#### GIVEN DATA:
=== Section Start ===
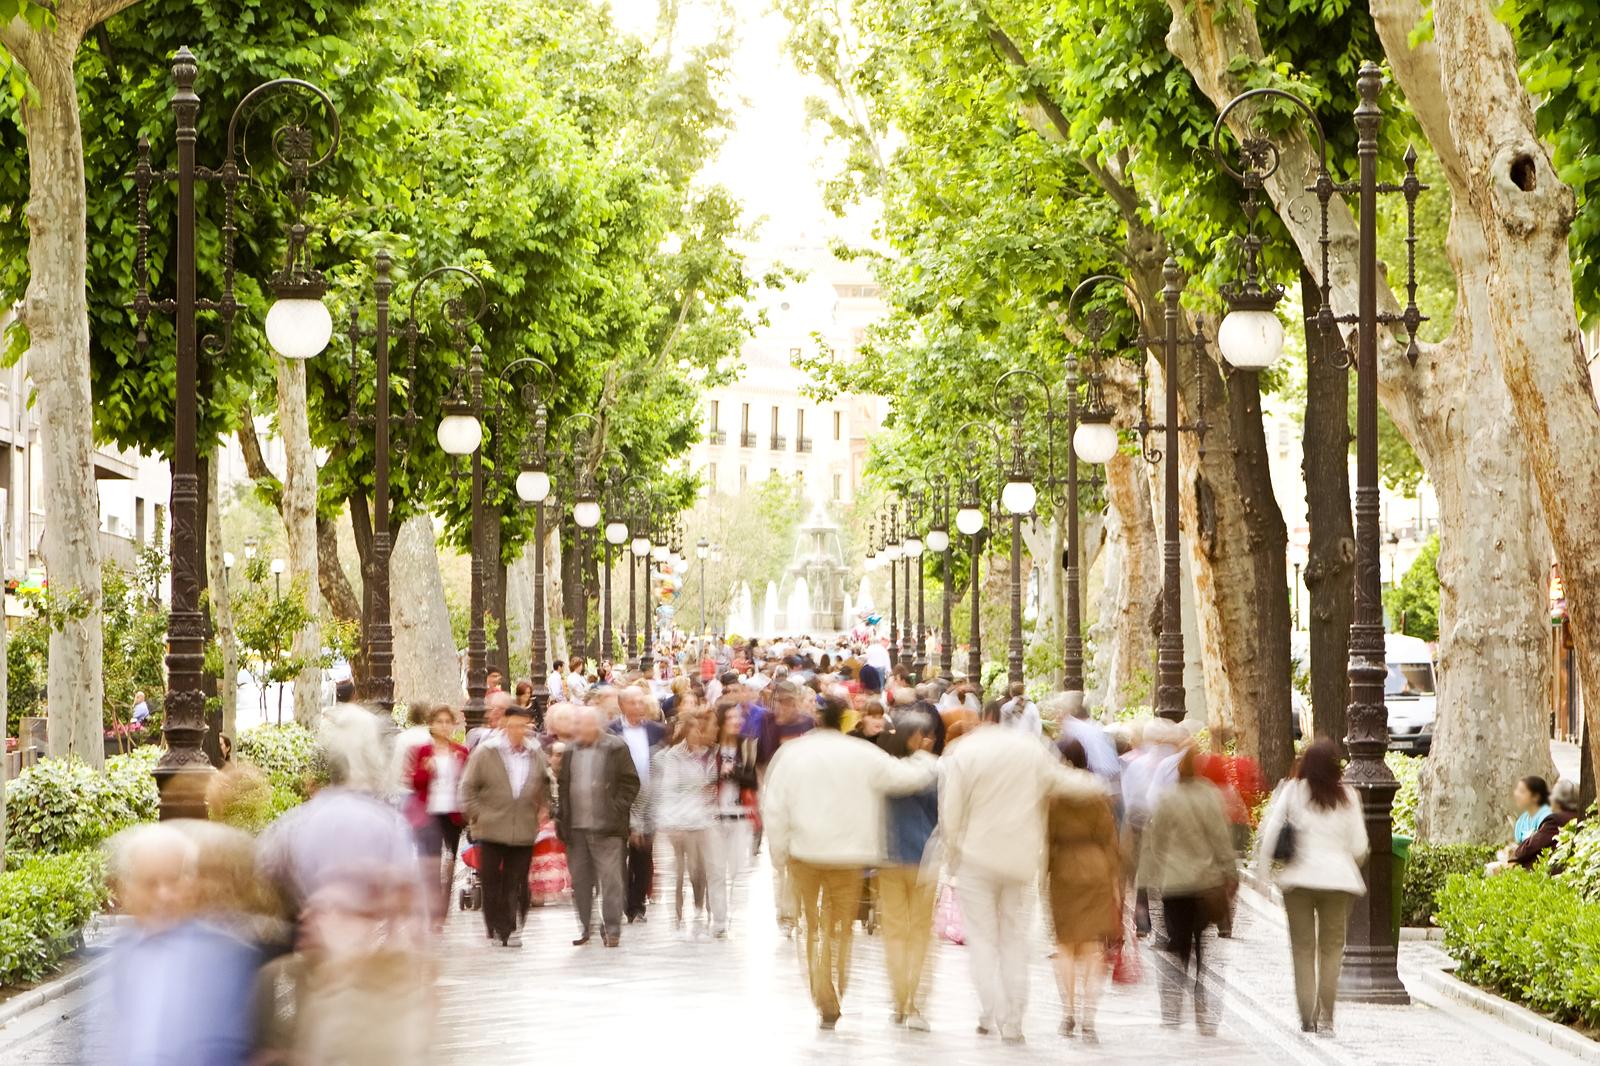 bigstock-Blurred-crowd-in-the-street-h-28910135.jpg
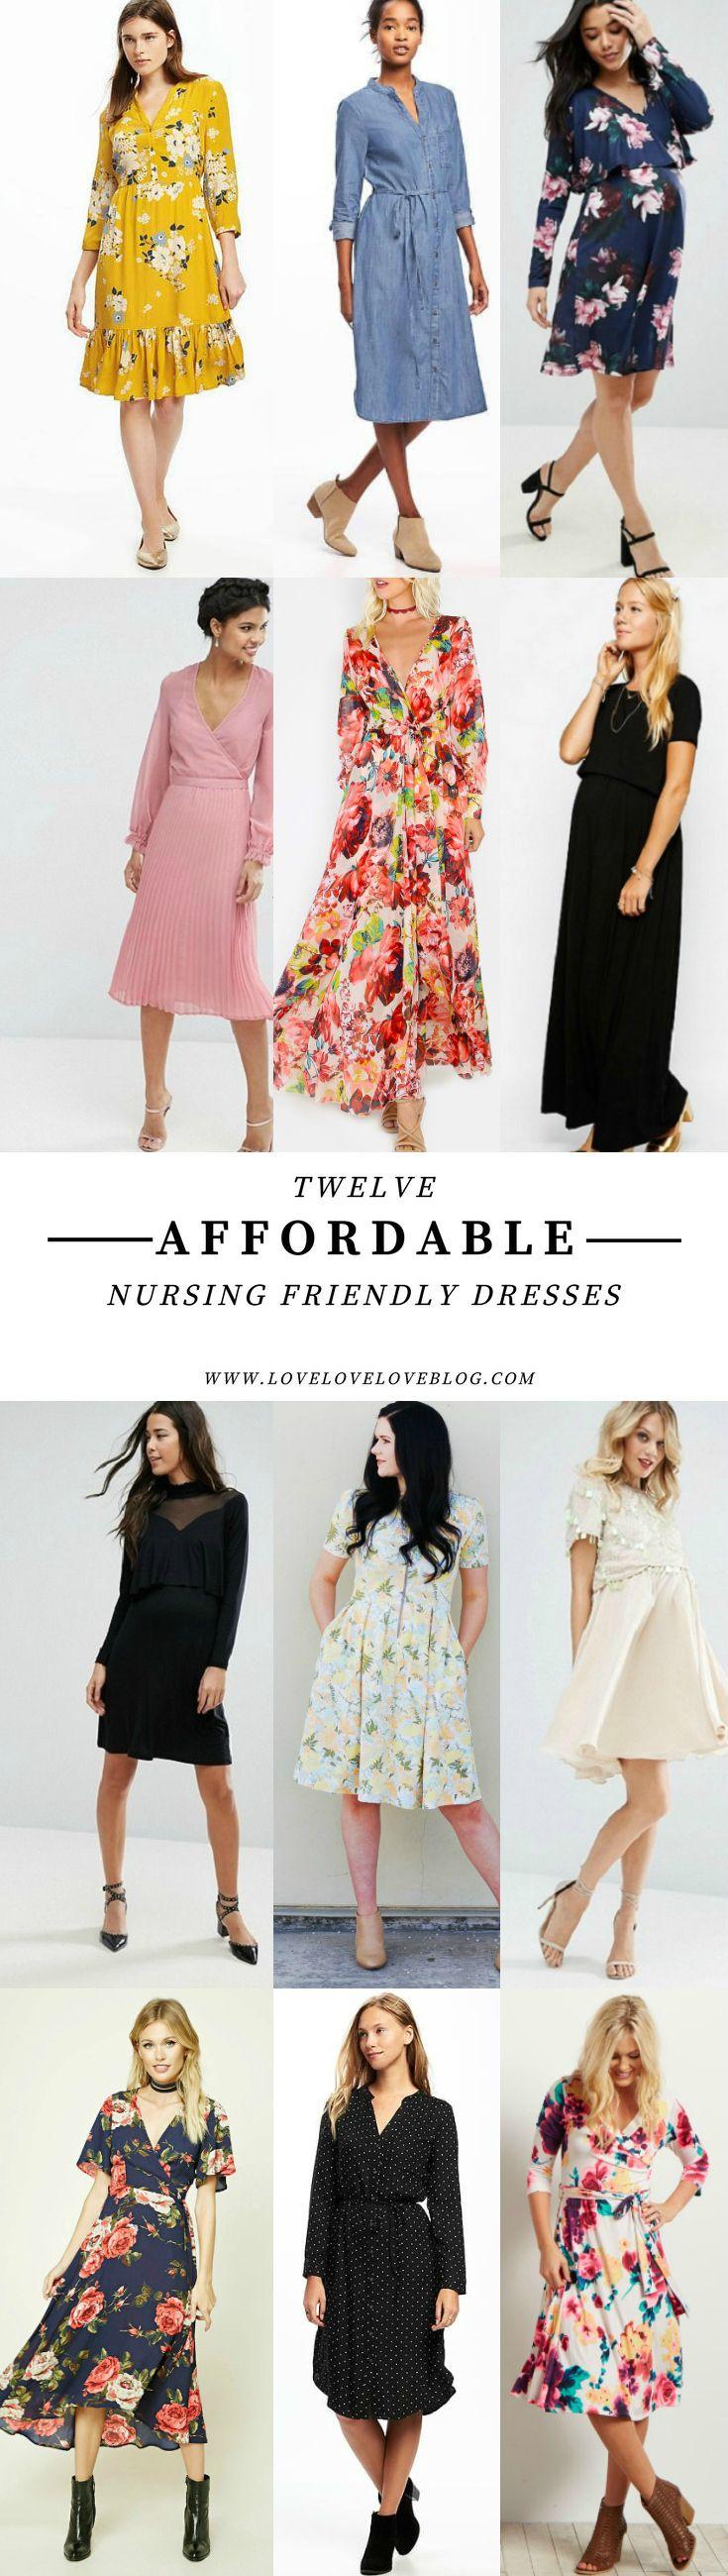 Love Love Love: Affordable Nursing Friendly Dresses
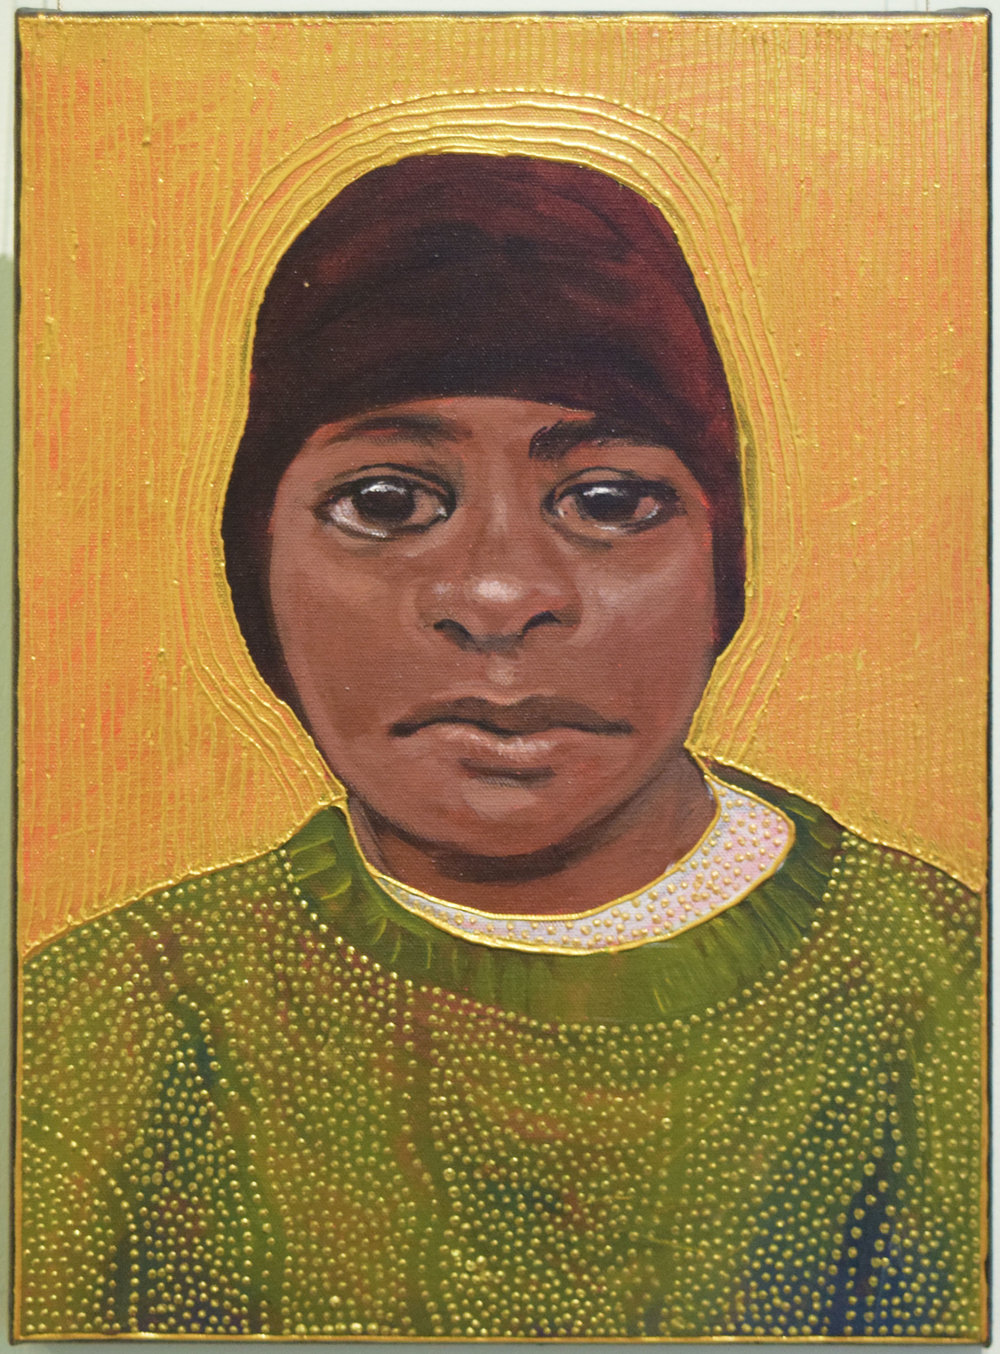 37. Julie Dowling, 'Wandangga' (Winter), 2018, acrylic, mica gold on canvas, 30 x 40 cm, $2,000
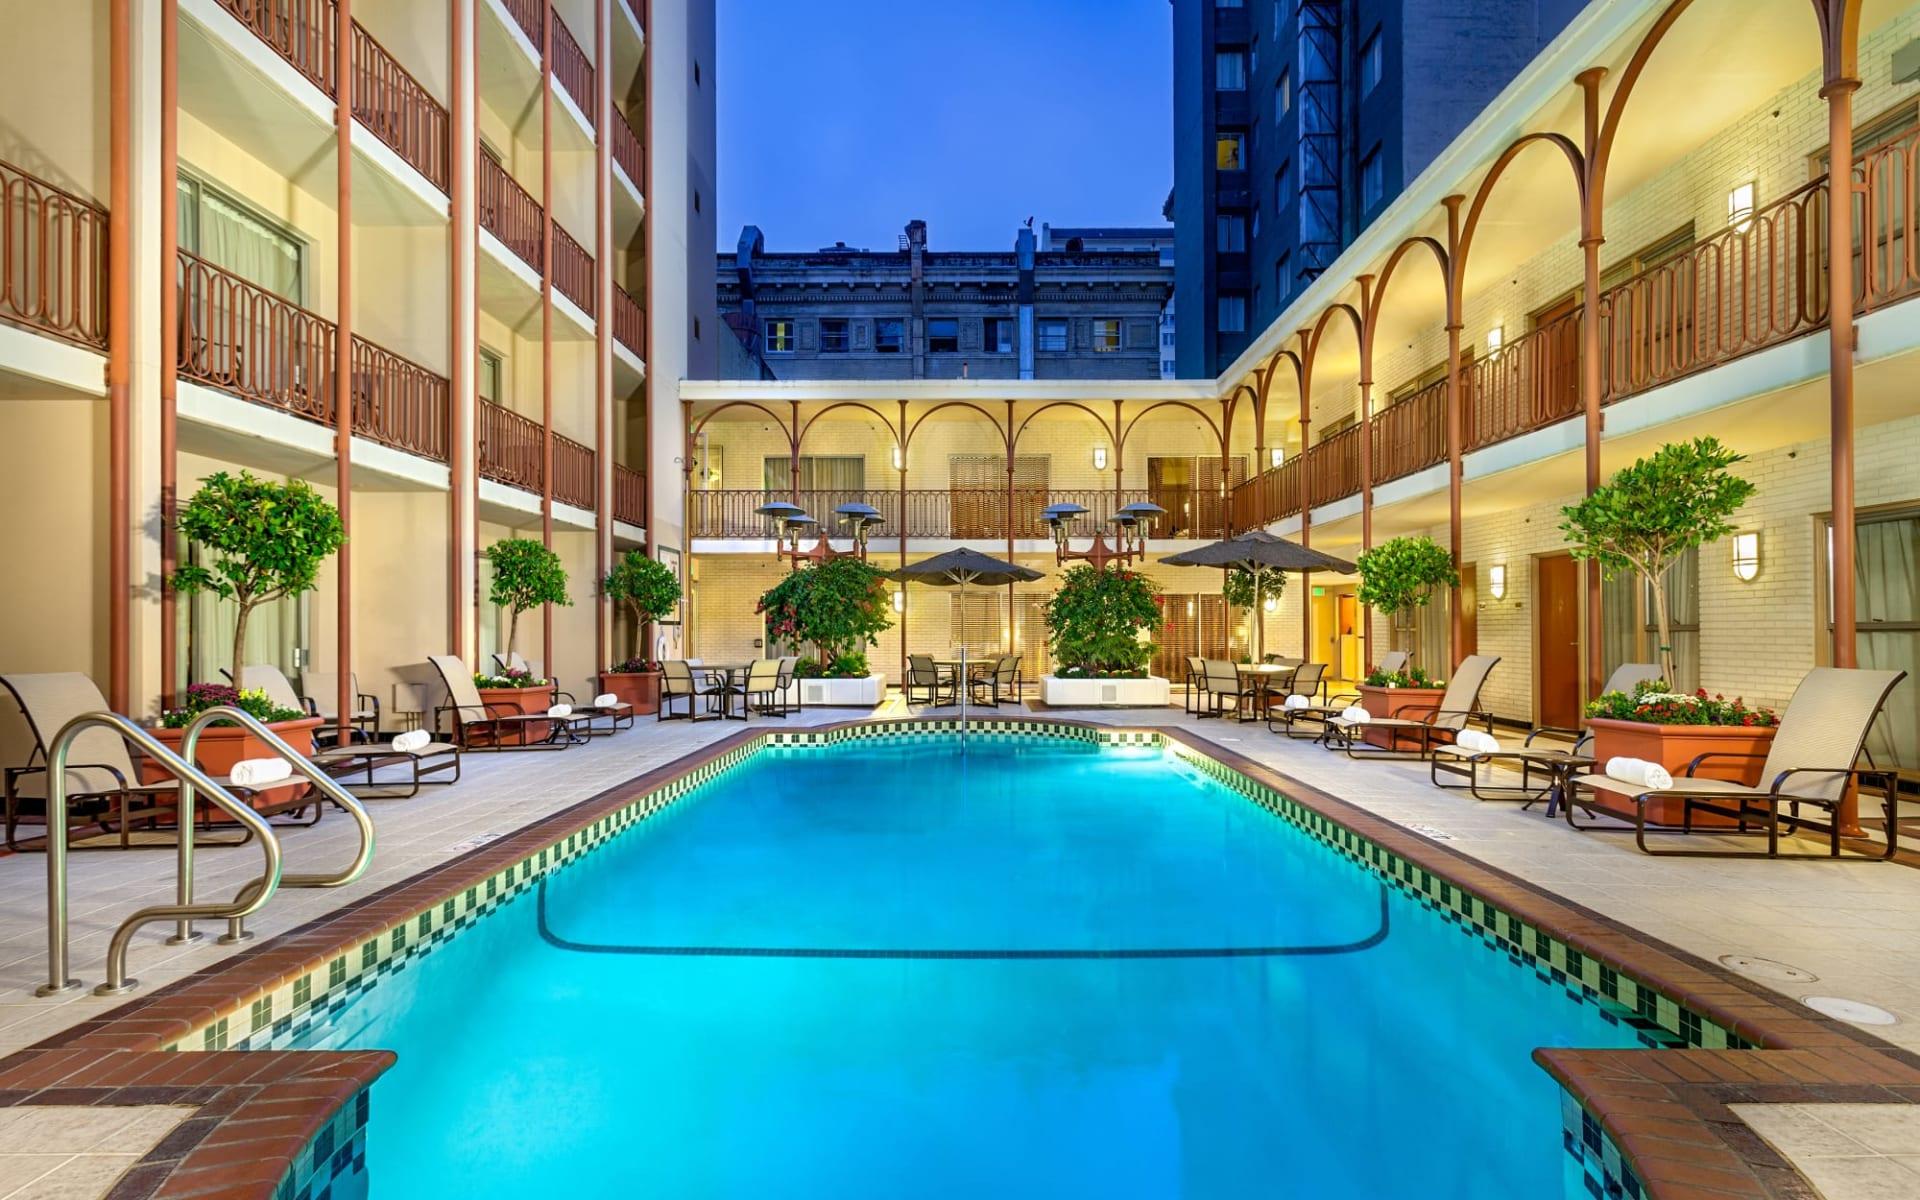 Handlery Union Square in San Francisco:  Handlery Union Square Hotel_Pool_BON
=== Section End ===
#### EXERCISE DESCRIPTION:
Line by line, write out the material above exactly, with no images.

#### REPLY TO THE EXERCISE:
 bigstock-Blurred-crowd-in-the-street-h-28910135.jpg
 Love Love Love: Affordable Nursing Friendly Dresses
 37. Julie Dowling, 'Wandangga' (Winter), 2018, acrylic, mica gold on canvas, 30 x 40 cm, $2,000
 Handlery Union Square in San Francisco:  Handlery Union Square Hotel_Pool_BON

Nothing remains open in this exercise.